9/25/12: Field Trip, Part 2: Somerville Community Corporation

Danny LeBlanc, a longtime Somerville resident, has been Executive Director of Somerville Community Corporation for twelve years.

What is the SCC’s affiliation with the city’s government?

Multi-layered and complex. 1. SCC does business with the city, and the city lends money (usually federal money) for affordable housing. 2. SCC often engages in community organizing, and this sometimes causes clashes with the city.

Is the SCC an anchor institution?

Yes—it is a 43 year old organization, widely known throughout the city. It is membership based—over time, as fraternal/church/organizational membership becomes rare, the SCC provides a lasting way for people to engage in community.

What organizations does the SCC partner with?

Tufts, and many other nonprofits, including Community Action Agency, Somerville Homeless Coalition, Cambridge Health Alliance, and the Welcome Project at Mystic High School. A city government partnership is with the Affordable Housing Trust Fund.

How does the SCC view Tufts?

Resource, potential/actual partner. SCC has a natural affinity with Urban and Environmental Planning program. In past, few students came to East Somerville, and there was less engagement. Changes in the attitudes of both Tufts and the city, where relationships were formerly adversarial.

Does the SCC ever act as an “anchor coordinator,” a liason to coordinate other anchor institutions toward similar goals?

In some ways, yes. In Green Line Extension project, many players involved, and the SCC is convening a group of anchors that wouldn’t normally be involved. However, SCC doesn’t play a larger role in coordinating all or a large group of anchors.

What are the challenges of adapting to new community trends?

The organization’s arc reflects Somerville’s dramatic changes.

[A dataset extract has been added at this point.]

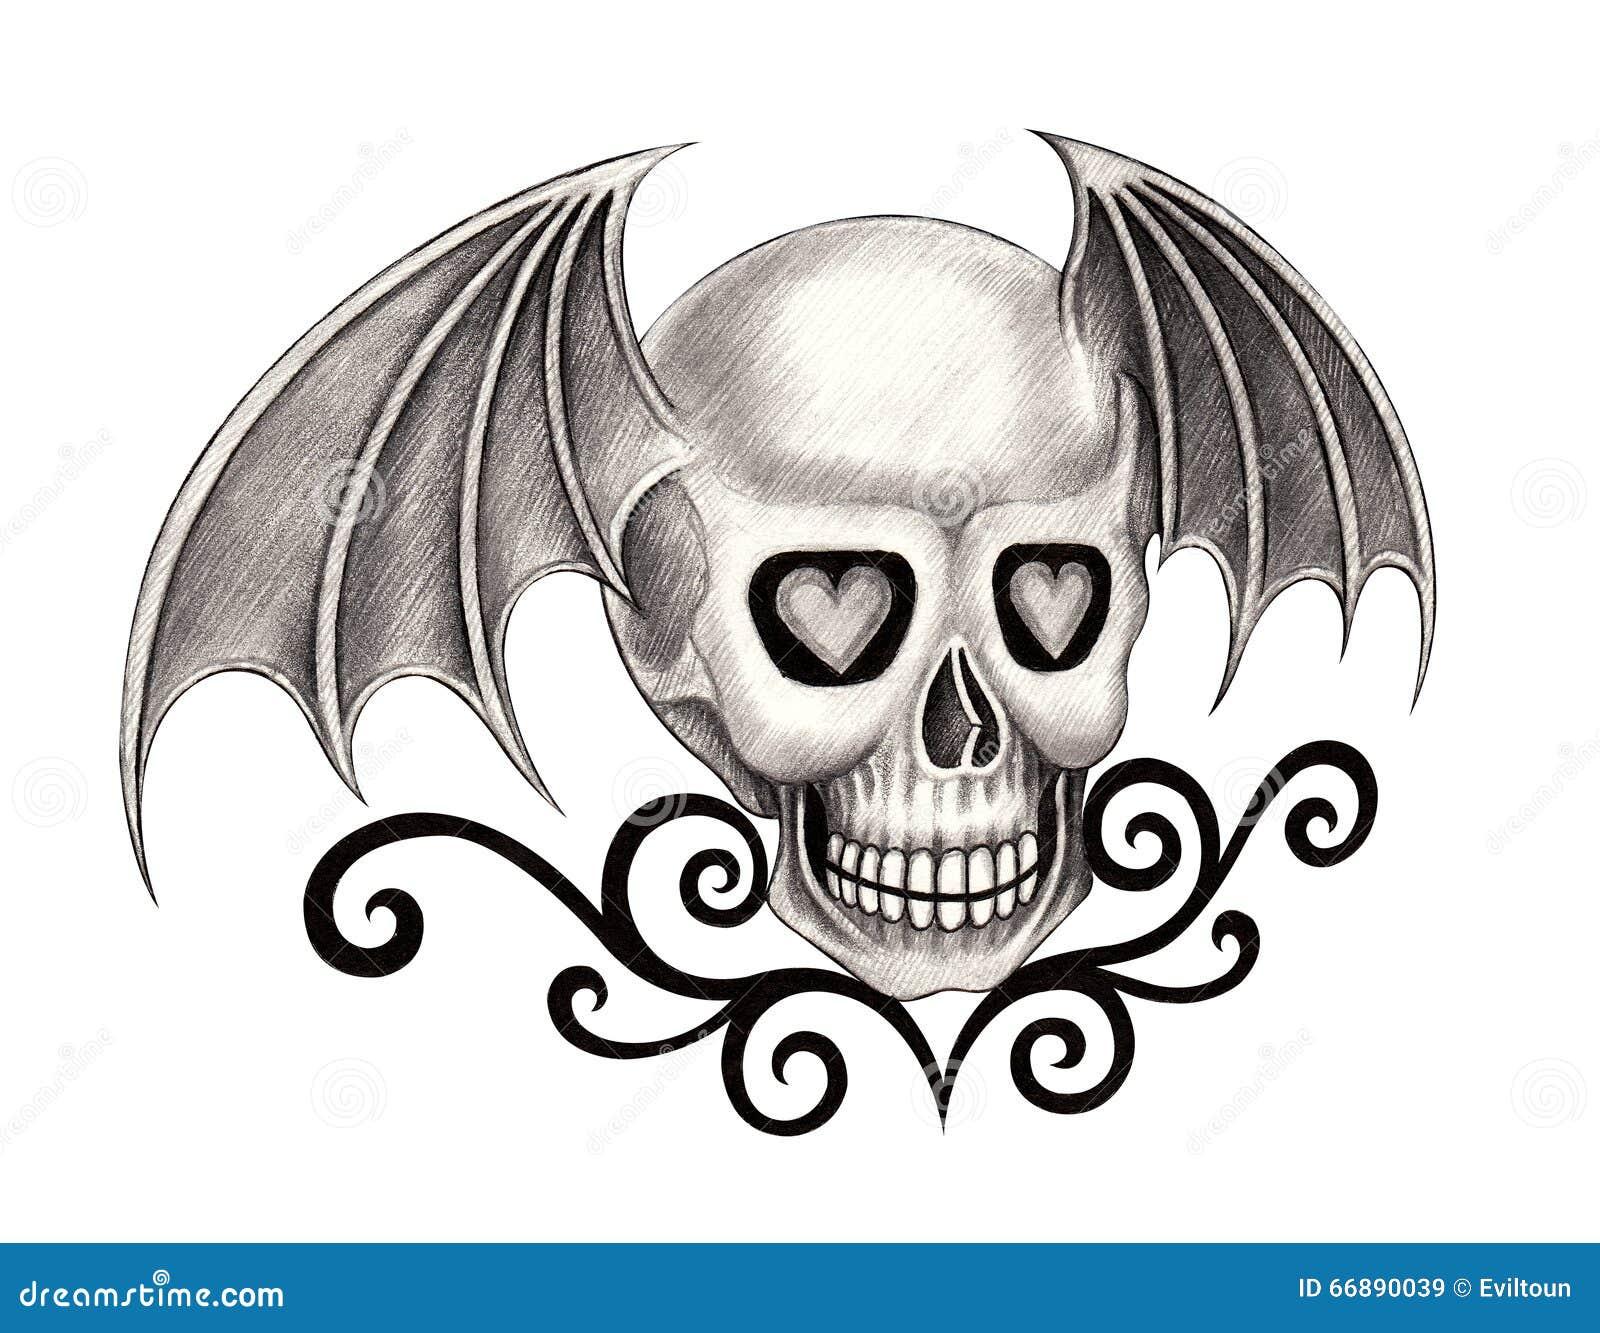 art skull wings devil tattoo stock illustration image 66890039. Black Bedroom Furniture Sets. Home Design Ideas

SCC founded to work in a deteriorating urban area with the goal of attracting investment. At the time, “gentry” was a good word. Somerville had very small professional population, very large poor population. Today, huge market pressure, very high business and home prices. Today, the question is whether the poor will be able to stay. SCC’s programming is now more direct: employment assistance, money management training.

What should Tufts be doing more or less of in Somerville?

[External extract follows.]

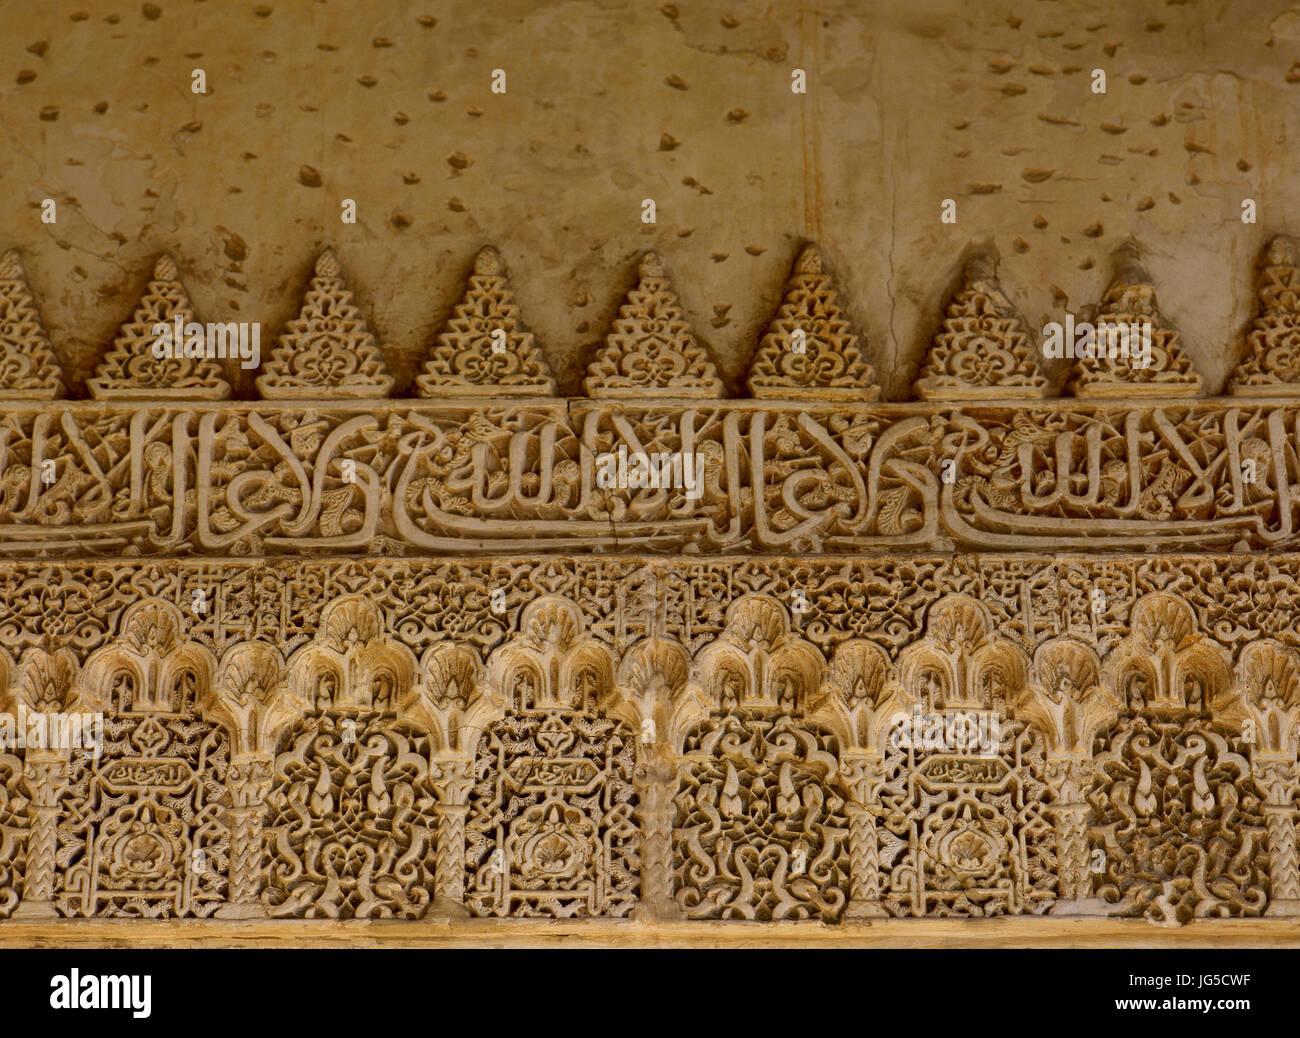 Generalife Palace. Emirate of Granada, Al-Andalus. Built 14th century. The court of la Acequia. Arabesque stucco. - Stock Image

It would be beneficial for Tufts to engage in more long-term community partnerships. Potential for Tufts to establish community-based workspace where Tufts knowledge could be more accessible.

Why and how has the relationship between Tufts and Somerville changed so dramatically?

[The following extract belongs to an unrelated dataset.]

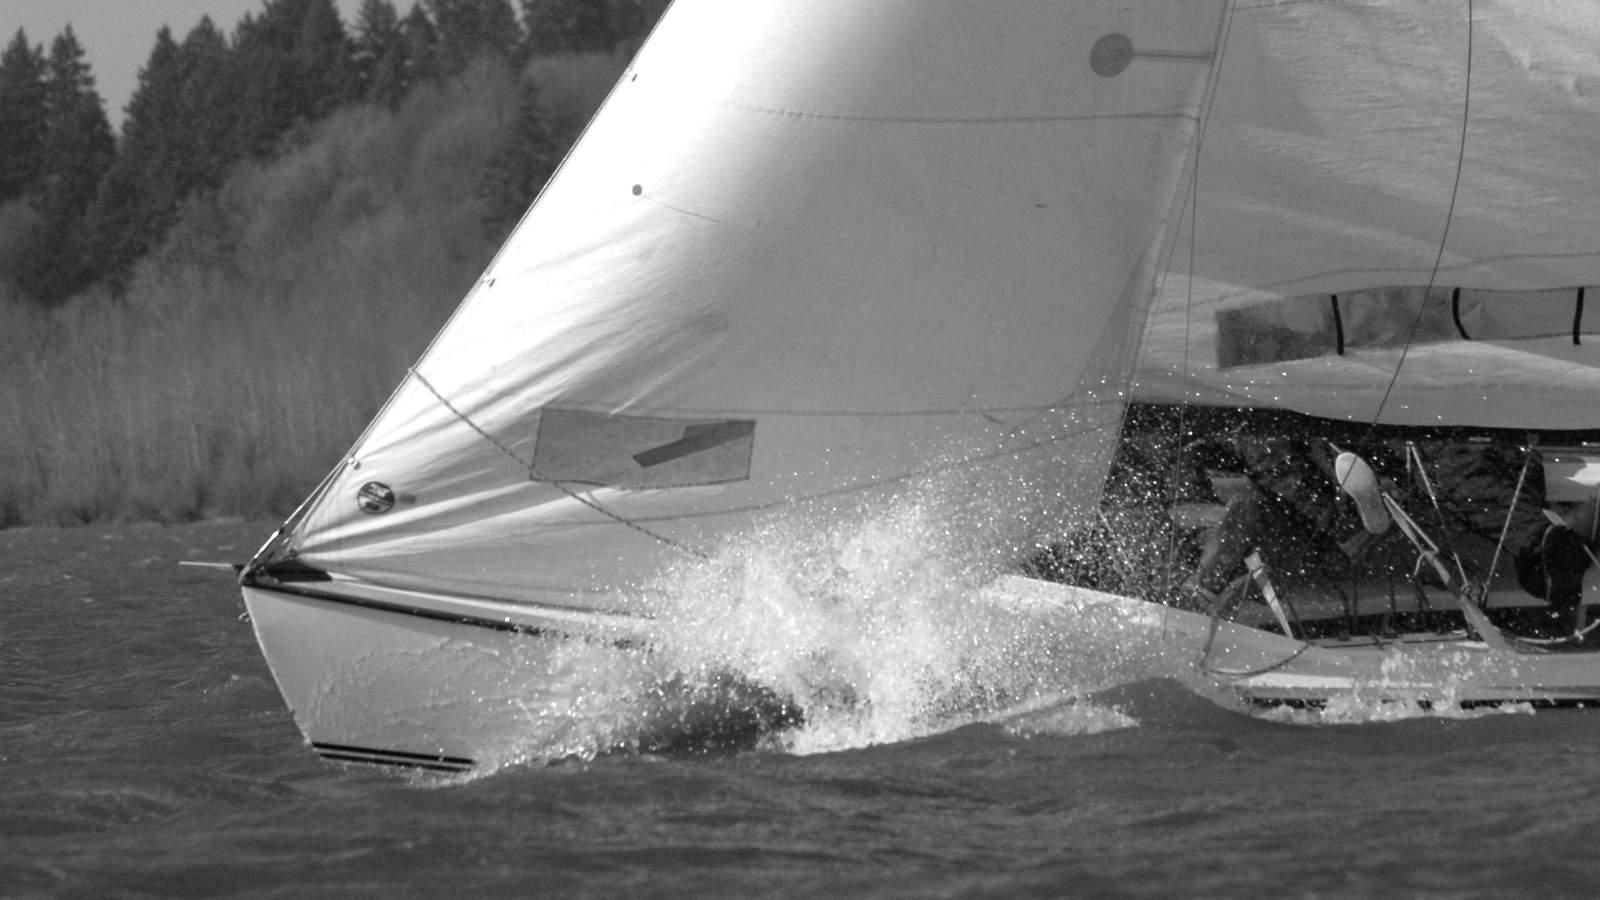 Vancouver Lake Sailing Club

There has been a shift (at Tufts and in higher education overall) from the “ivy tower” mentality to more engaged thinking about civic involvement. Today, economic diversity in Somerville makes the city easier to engage than in past years.

What challenges do anchor institutions pose?

Historically, universities offer opportunities to young people that are not always extended to local residents. Tufts was once a very distant option for local students, but today has a strong reputation for accessibility to Somerville high schoolers.

Tufts’ Somerville Partnership Agreement stipulates that a certain amount of financial aid be set aside for residents. What should this agreement look like in 10 years?

This is a critical question to pose, and now it must be built upon. Having an agreement with city government isn’t the same as having a reciprocal agreement with other institutions, and those are crucial as well.

Storefront workshop planning idea: creating infrastructure, opening for innovation center that is about economic development and planning. Would be helpful for Tufts and community to take longer (10-15 year) view.

“Rooted” may be a more accurate term than “anchor.”

Key point?

Relationship building is very important.